**DATA FOR THE TASK**.

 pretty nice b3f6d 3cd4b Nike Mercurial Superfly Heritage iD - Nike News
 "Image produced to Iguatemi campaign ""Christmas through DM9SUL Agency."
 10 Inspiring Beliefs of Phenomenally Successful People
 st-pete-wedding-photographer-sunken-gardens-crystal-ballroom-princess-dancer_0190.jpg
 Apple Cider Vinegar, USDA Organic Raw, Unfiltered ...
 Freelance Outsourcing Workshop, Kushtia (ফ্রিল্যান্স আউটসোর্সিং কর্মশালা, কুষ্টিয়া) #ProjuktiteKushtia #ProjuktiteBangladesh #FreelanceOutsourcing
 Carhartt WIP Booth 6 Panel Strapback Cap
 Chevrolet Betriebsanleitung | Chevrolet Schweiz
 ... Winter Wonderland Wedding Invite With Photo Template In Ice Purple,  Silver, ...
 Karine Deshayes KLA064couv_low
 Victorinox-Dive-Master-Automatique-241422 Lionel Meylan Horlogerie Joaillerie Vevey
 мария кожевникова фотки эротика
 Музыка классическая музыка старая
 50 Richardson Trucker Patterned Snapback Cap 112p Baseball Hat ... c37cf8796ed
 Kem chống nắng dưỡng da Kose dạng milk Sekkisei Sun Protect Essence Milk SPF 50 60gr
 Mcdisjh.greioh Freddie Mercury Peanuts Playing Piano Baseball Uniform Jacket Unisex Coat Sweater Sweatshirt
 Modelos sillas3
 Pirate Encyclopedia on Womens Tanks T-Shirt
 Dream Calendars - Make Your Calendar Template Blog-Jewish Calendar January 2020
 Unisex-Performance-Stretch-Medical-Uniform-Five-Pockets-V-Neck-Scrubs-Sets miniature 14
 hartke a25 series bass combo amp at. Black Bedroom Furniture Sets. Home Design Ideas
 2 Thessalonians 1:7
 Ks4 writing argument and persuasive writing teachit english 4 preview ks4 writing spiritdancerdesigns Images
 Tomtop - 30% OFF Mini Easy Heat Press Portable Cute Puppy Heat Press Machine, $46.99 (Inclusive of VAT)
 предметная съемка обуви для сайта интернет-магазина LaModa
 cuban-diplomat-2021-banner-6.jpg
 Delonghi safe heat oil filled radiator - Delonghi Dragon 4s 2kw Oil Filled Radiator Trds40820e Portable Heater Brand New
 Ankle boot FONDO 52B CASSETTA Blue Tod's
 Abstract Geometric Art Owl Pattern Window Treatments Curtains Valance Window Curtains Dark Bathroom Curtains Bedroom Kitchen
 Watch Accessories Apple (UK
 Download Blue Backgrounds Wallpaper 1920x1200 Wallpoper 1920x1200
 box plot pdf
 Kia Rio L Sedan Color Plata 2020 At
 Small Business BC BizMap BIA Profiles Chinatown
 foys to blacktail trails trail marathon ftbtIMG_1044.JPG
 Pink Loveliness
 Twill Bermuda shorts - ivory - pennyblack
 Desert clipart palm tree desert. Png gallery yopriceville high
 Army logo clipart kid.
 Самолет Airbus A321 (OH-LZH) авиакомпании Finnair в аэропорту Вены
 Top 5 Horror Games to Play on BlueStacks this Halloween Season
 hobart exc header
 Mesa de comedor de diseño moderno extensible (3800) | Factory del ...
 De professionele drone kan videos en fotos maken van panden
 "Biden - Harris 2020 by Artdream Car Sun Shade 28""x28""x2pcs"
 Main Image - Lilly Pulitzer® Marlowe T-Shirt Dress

**WORK ITEM**. Copy every line from the records above that contains the word "Sets".

**ANSWER TO THE PROBLEM**.
 Unisex-Performance-Stretch-Medical-Uniform-Five-Pockets-V-Neck-Scrubs-Sets miniature 14
 hartke a25 series bass combo amp at. Black Bedroom Furniture Sets. Home Design Ideas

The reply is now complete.